## WORK TO BE COMPLETED
This exercise asks for an exact copy of the lines from the one containing "2005-06 Nacional B" through the final line of the material, with pictures omitted.

## SUPPLIED MATERIAL
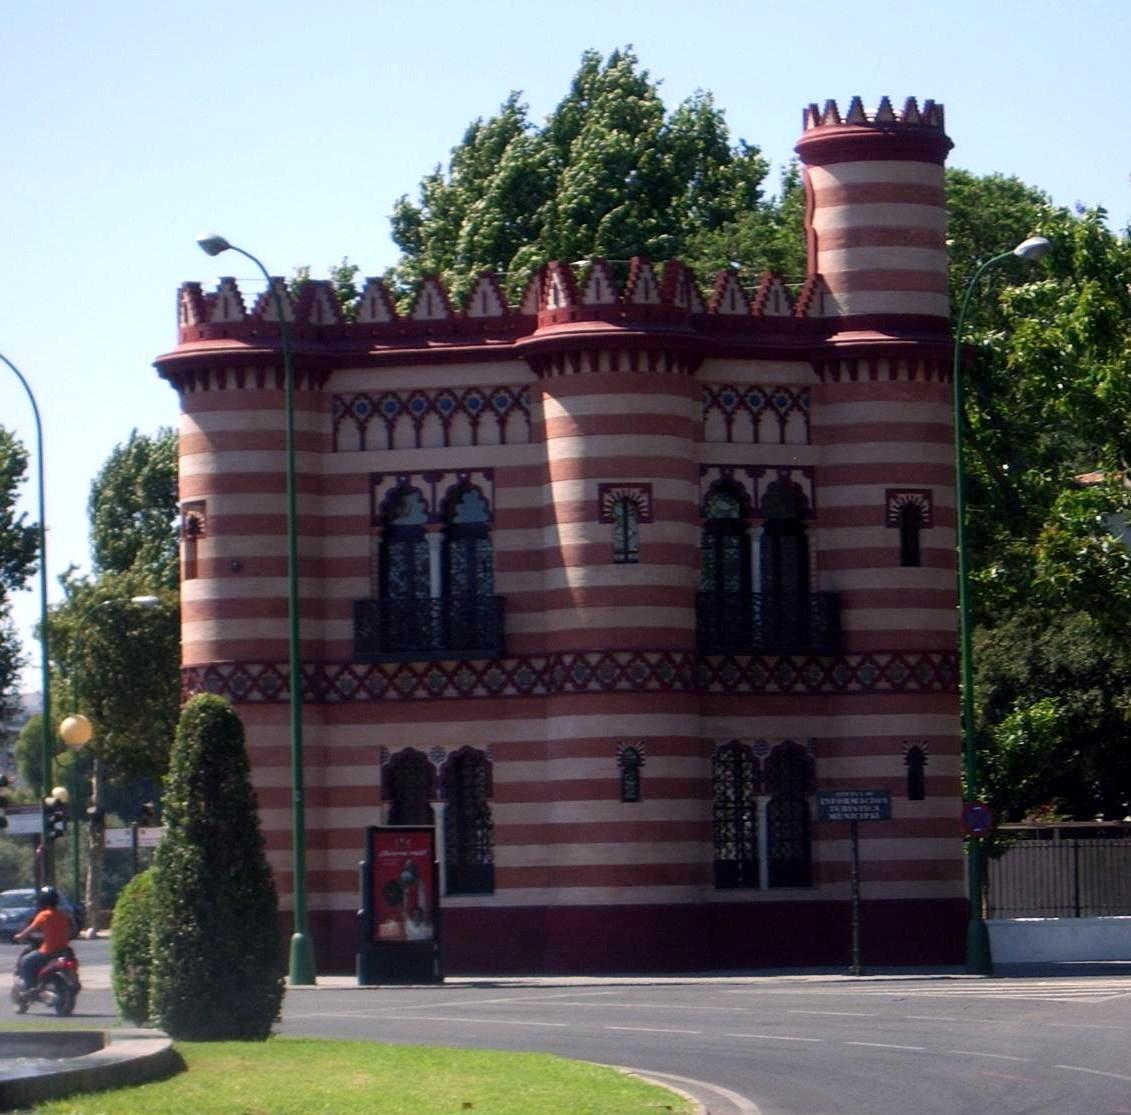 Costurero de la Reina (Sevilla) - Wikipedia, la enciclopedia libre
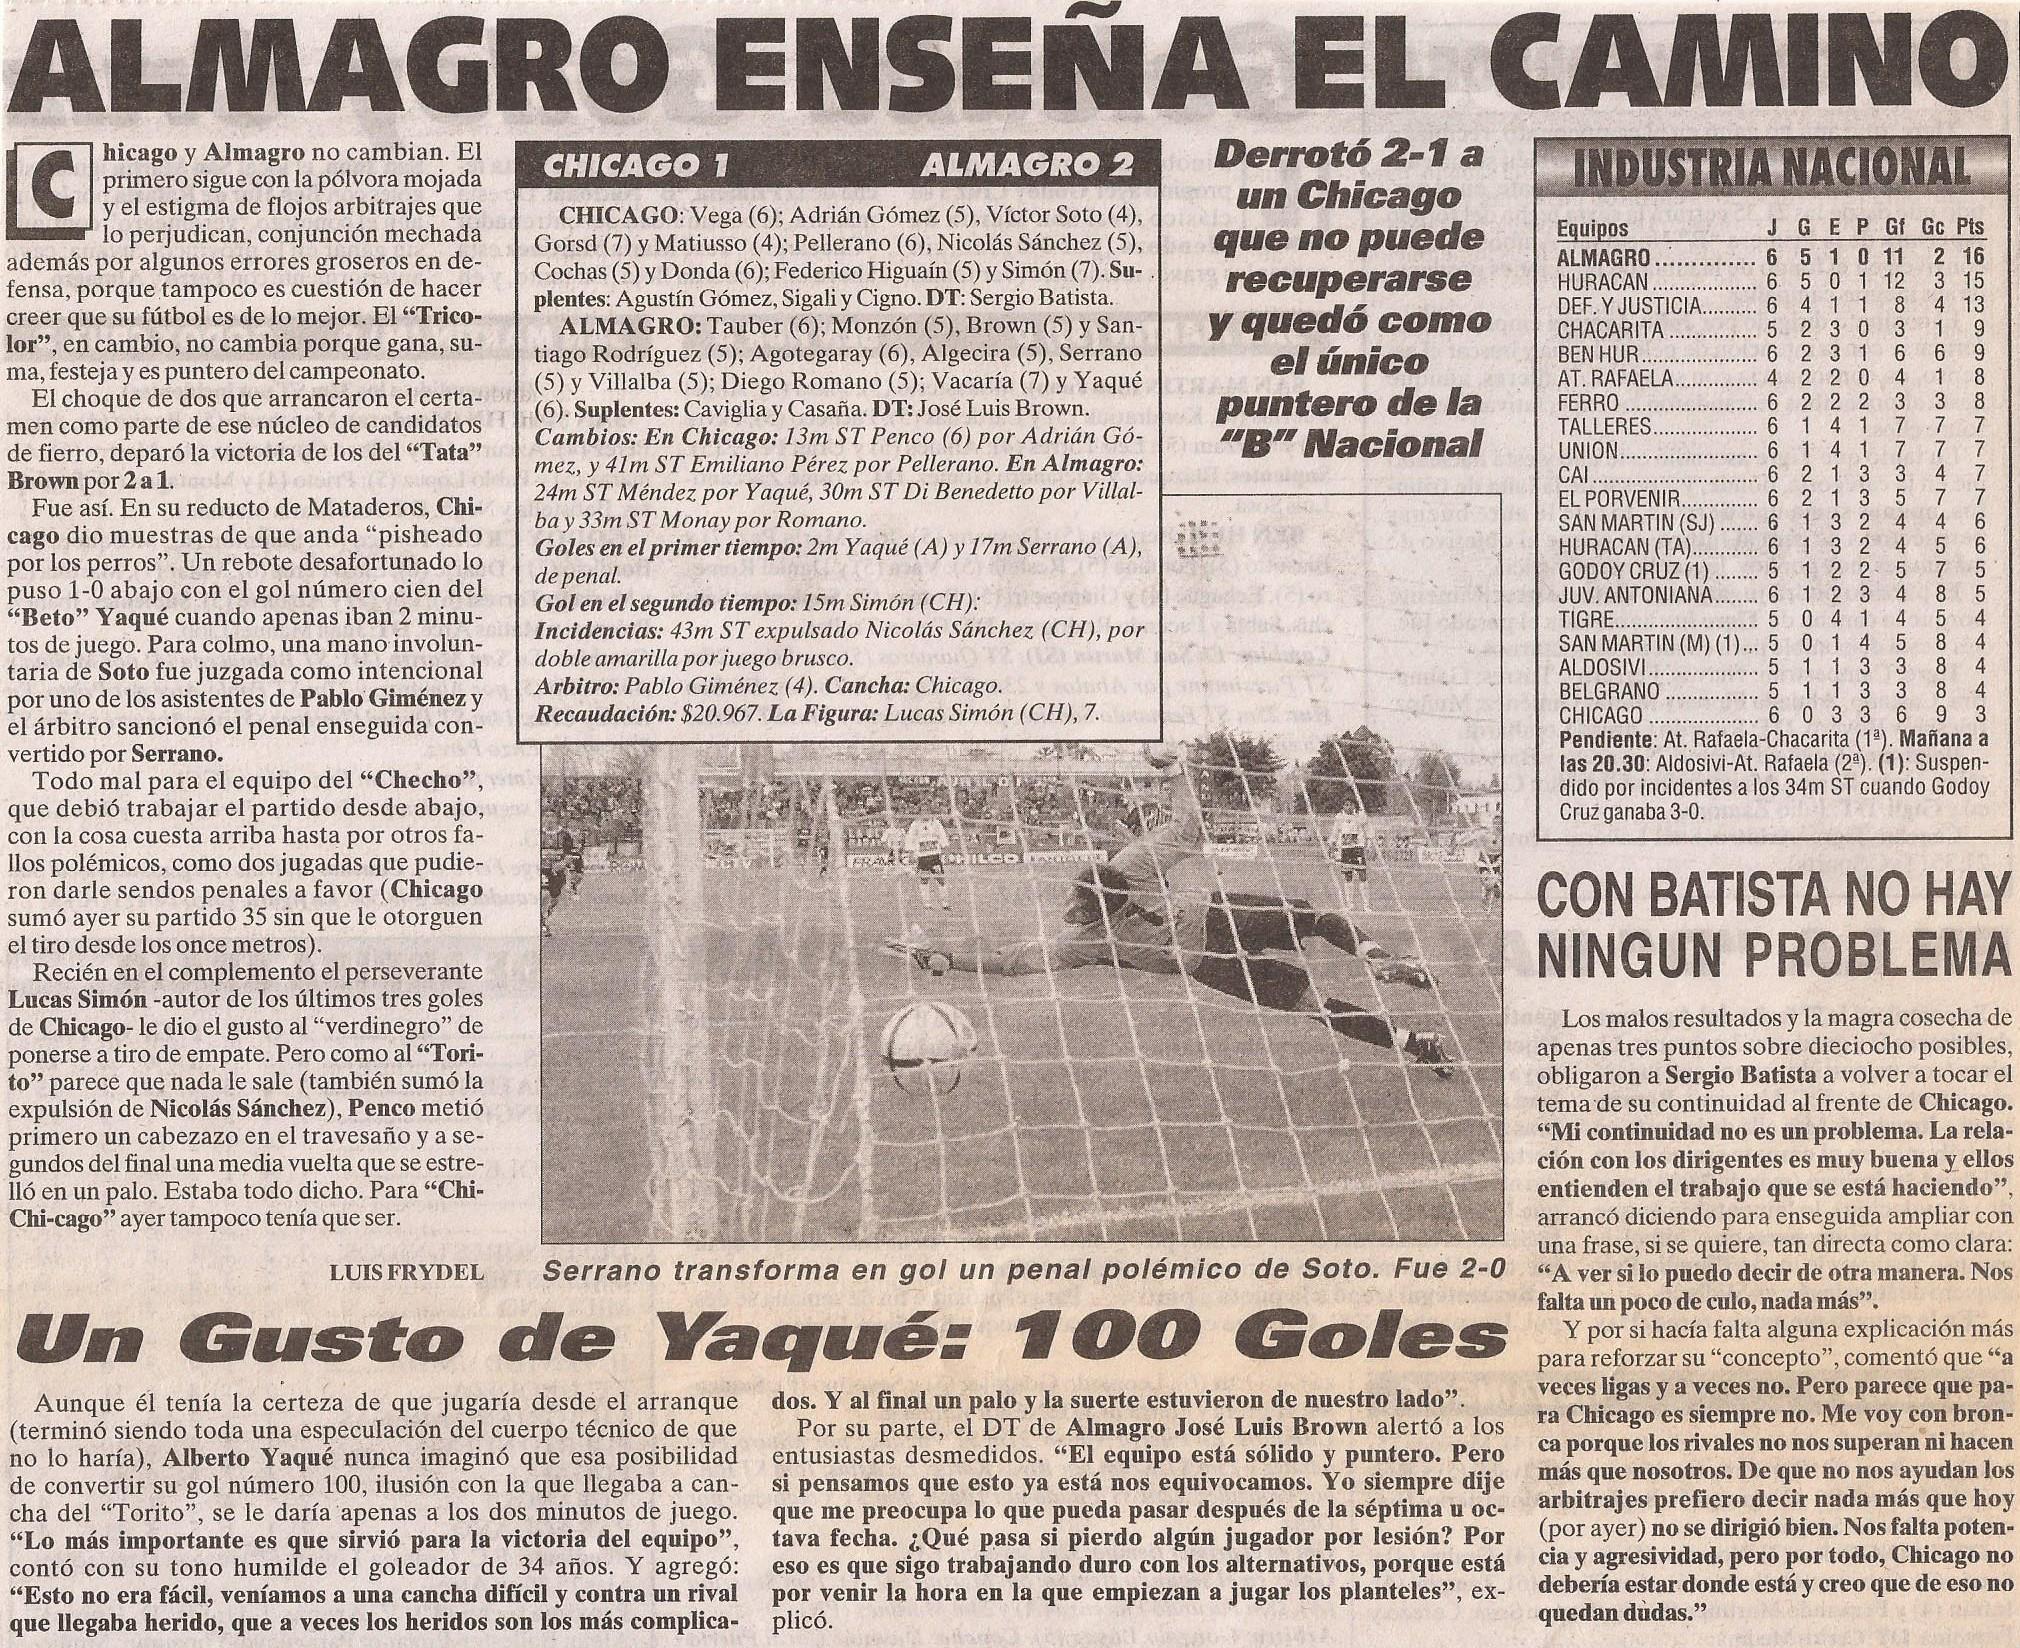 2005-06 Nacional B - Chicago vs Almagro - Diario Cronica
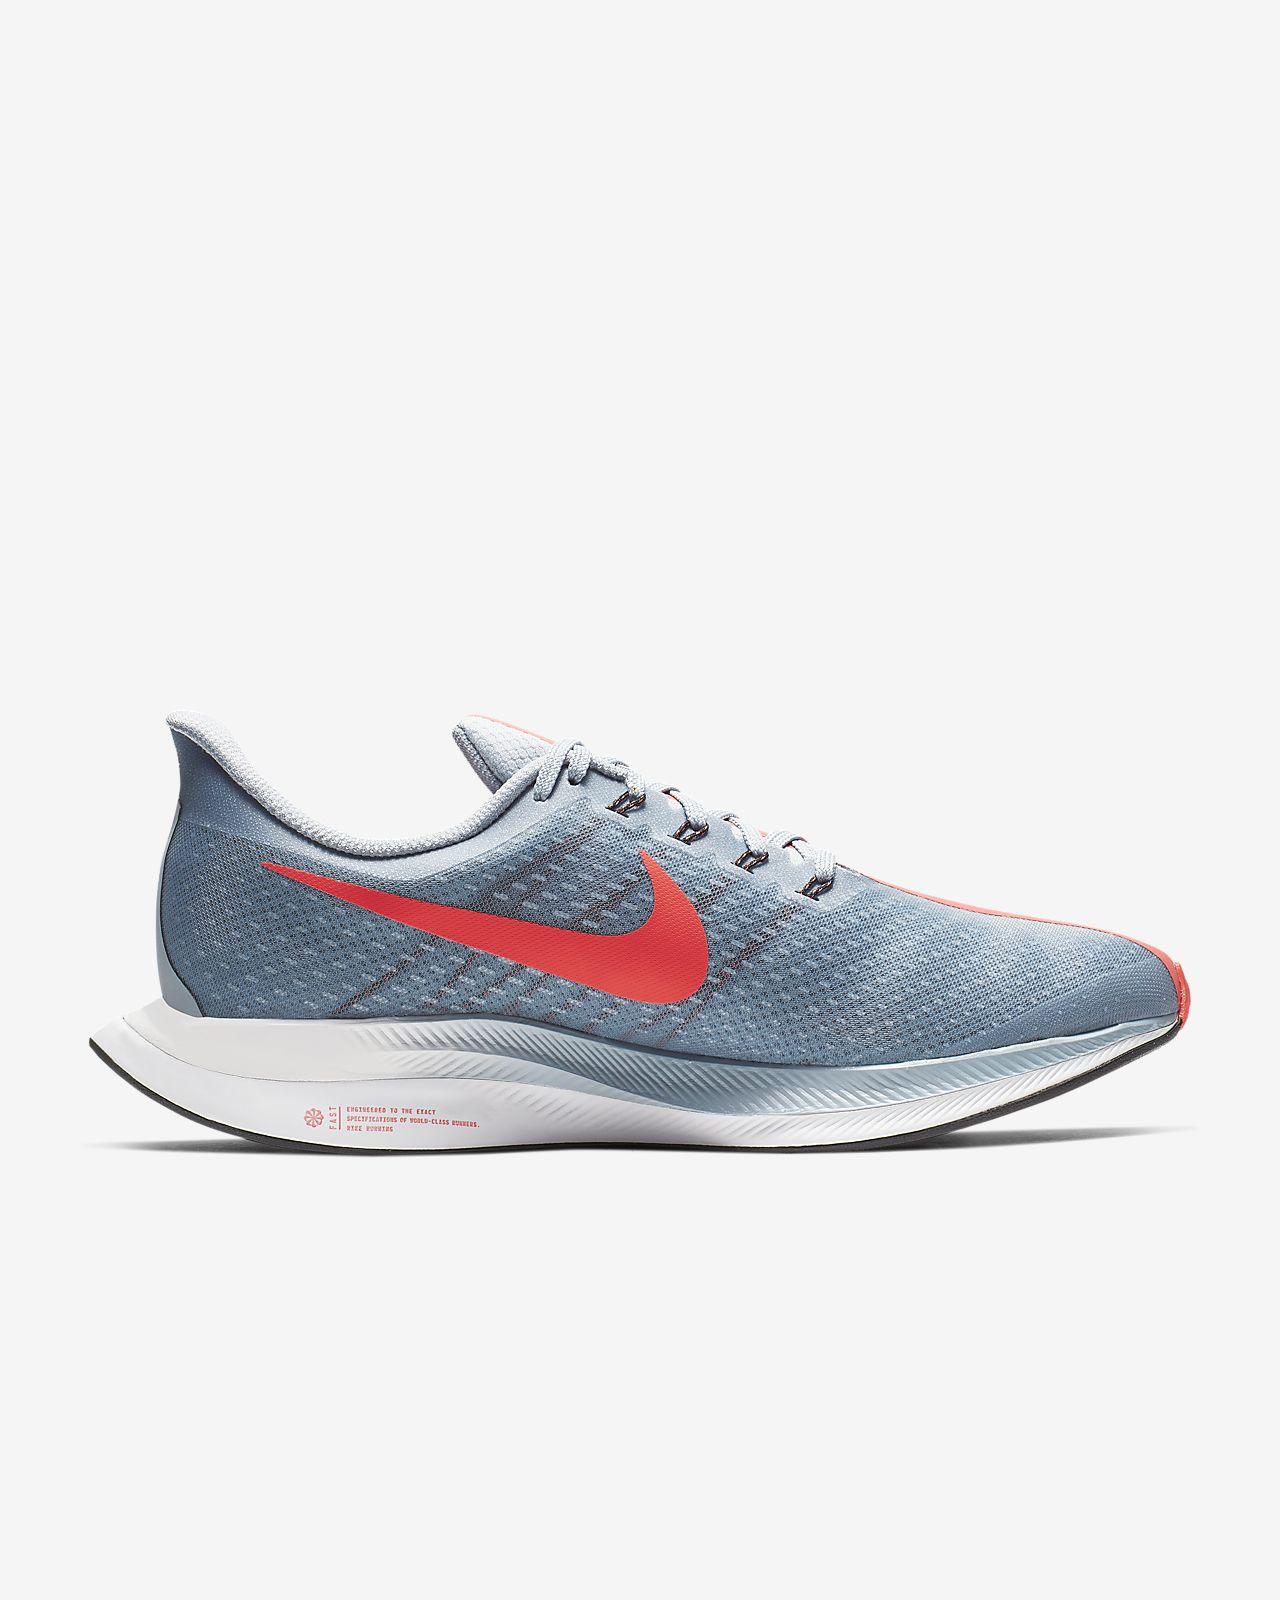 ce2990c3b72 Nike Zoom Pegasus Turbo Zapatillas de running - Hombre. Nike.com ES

## ANSWER BELOW
 2005-06 Nacional B - Chicago vs Almagro - Diario Cronica
 ce2990c3b72 Nike Zoom Pegasus Turbo Zapatillas de running - Hombre. Nike.com ES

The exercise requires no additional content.